* Activity: What is needed is an exact copy of the whole listing below, with no pictures.

*** Opening Data block ***

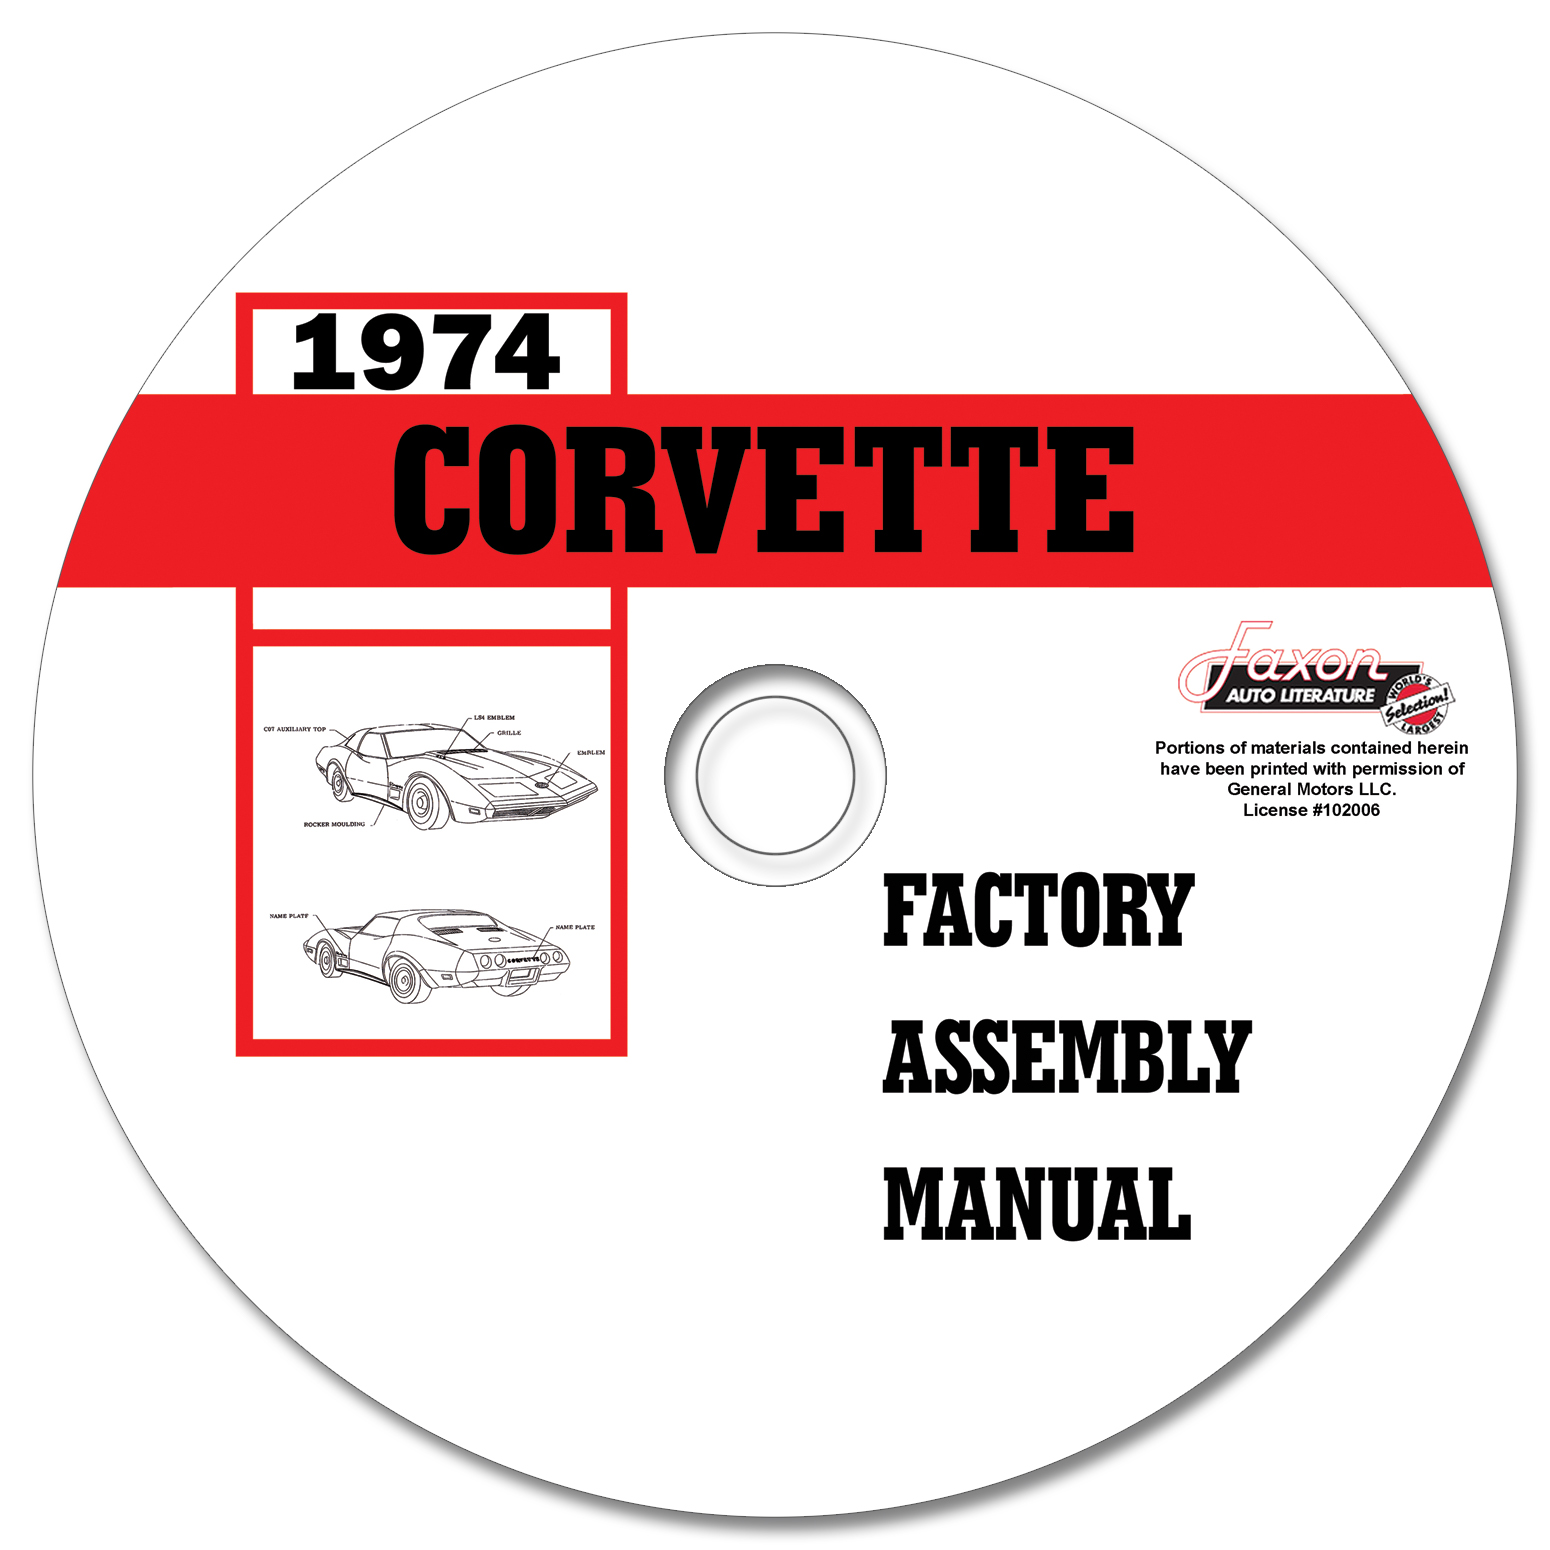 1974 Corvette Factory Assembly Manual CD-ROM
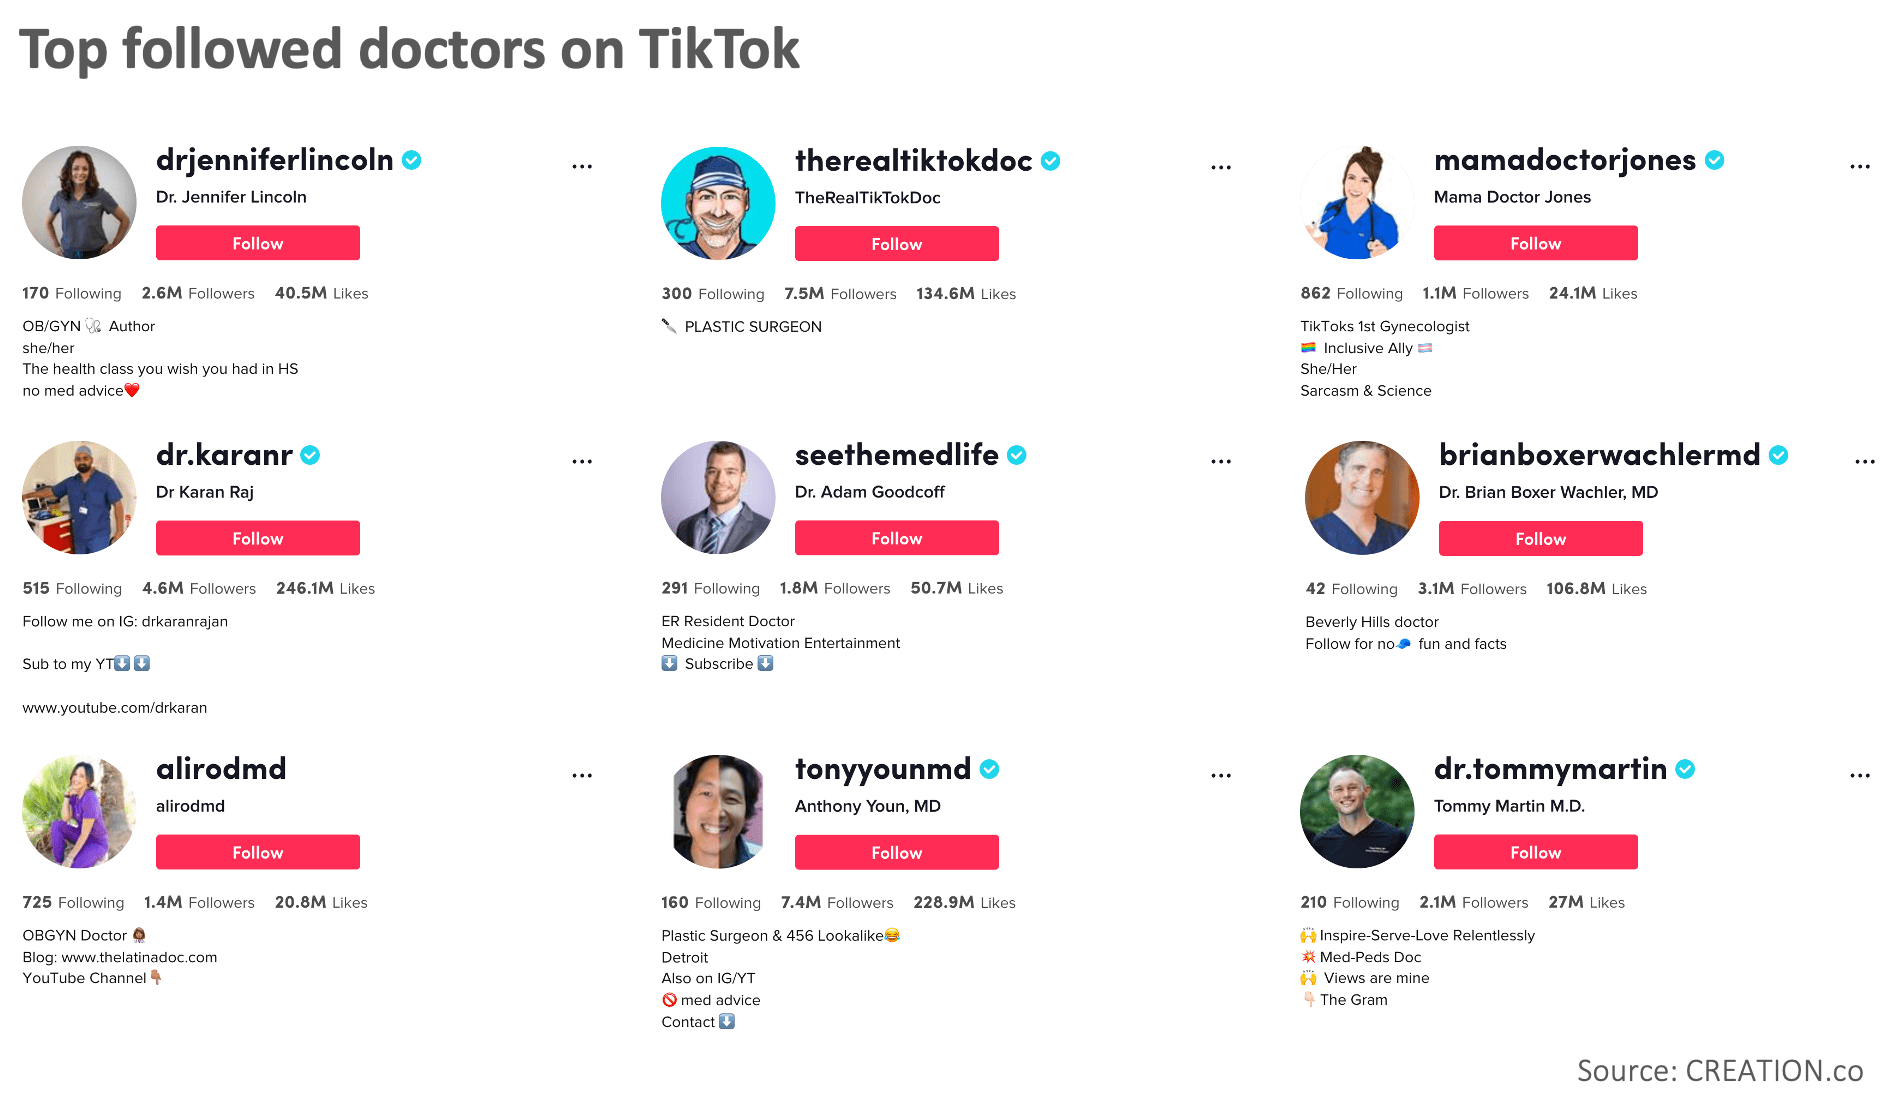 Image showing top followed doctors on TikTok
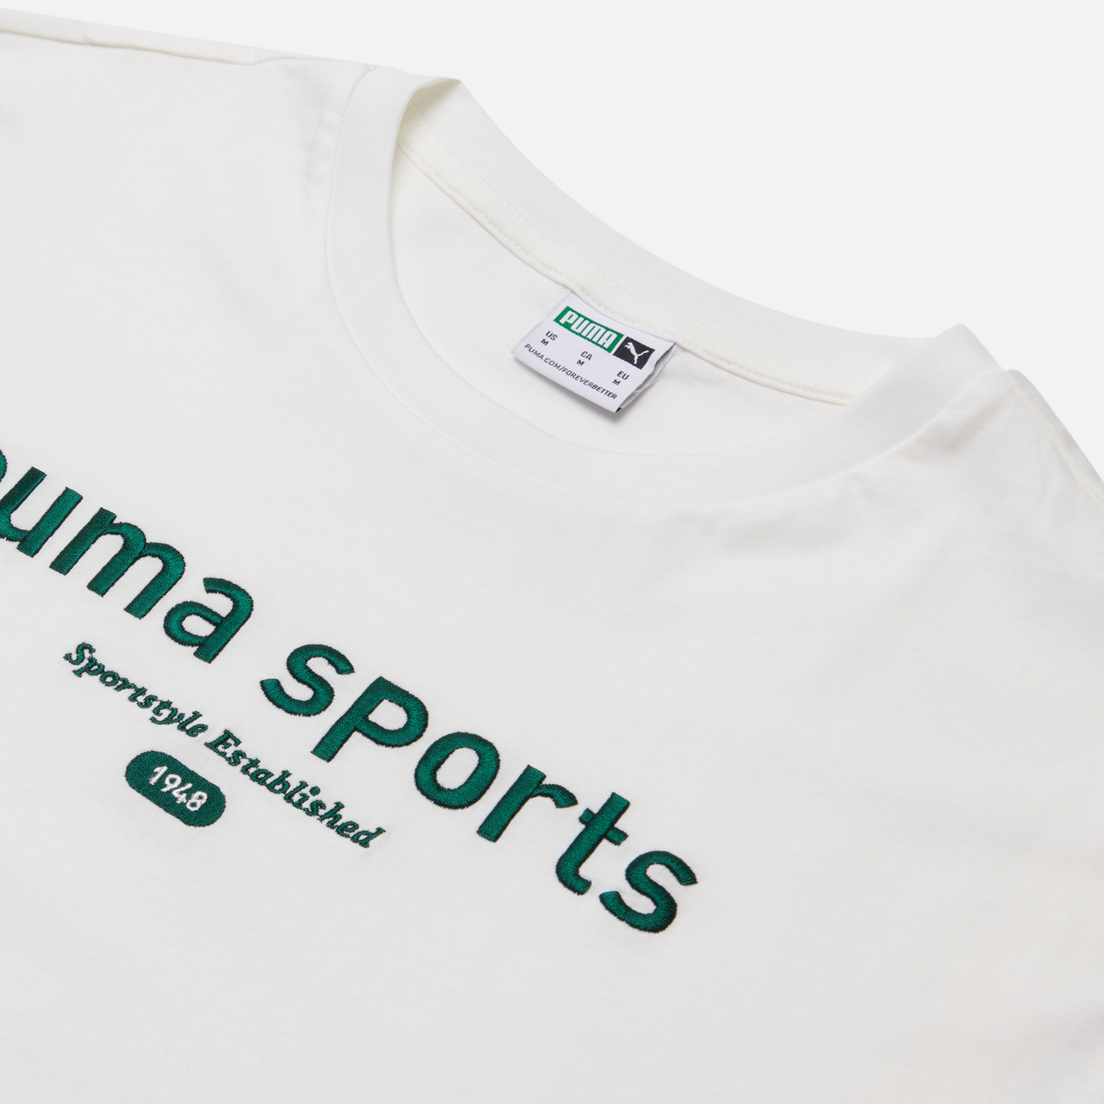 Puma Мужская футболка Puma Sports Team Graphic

*** Closing Data block ***

* Answer to this exercise:
 1974 Corvette Factory Assembly Manual CD-ROM
 Image showing top followed doctors on TikTok
 Puma Мужская футболка Puma Sports Team Graphic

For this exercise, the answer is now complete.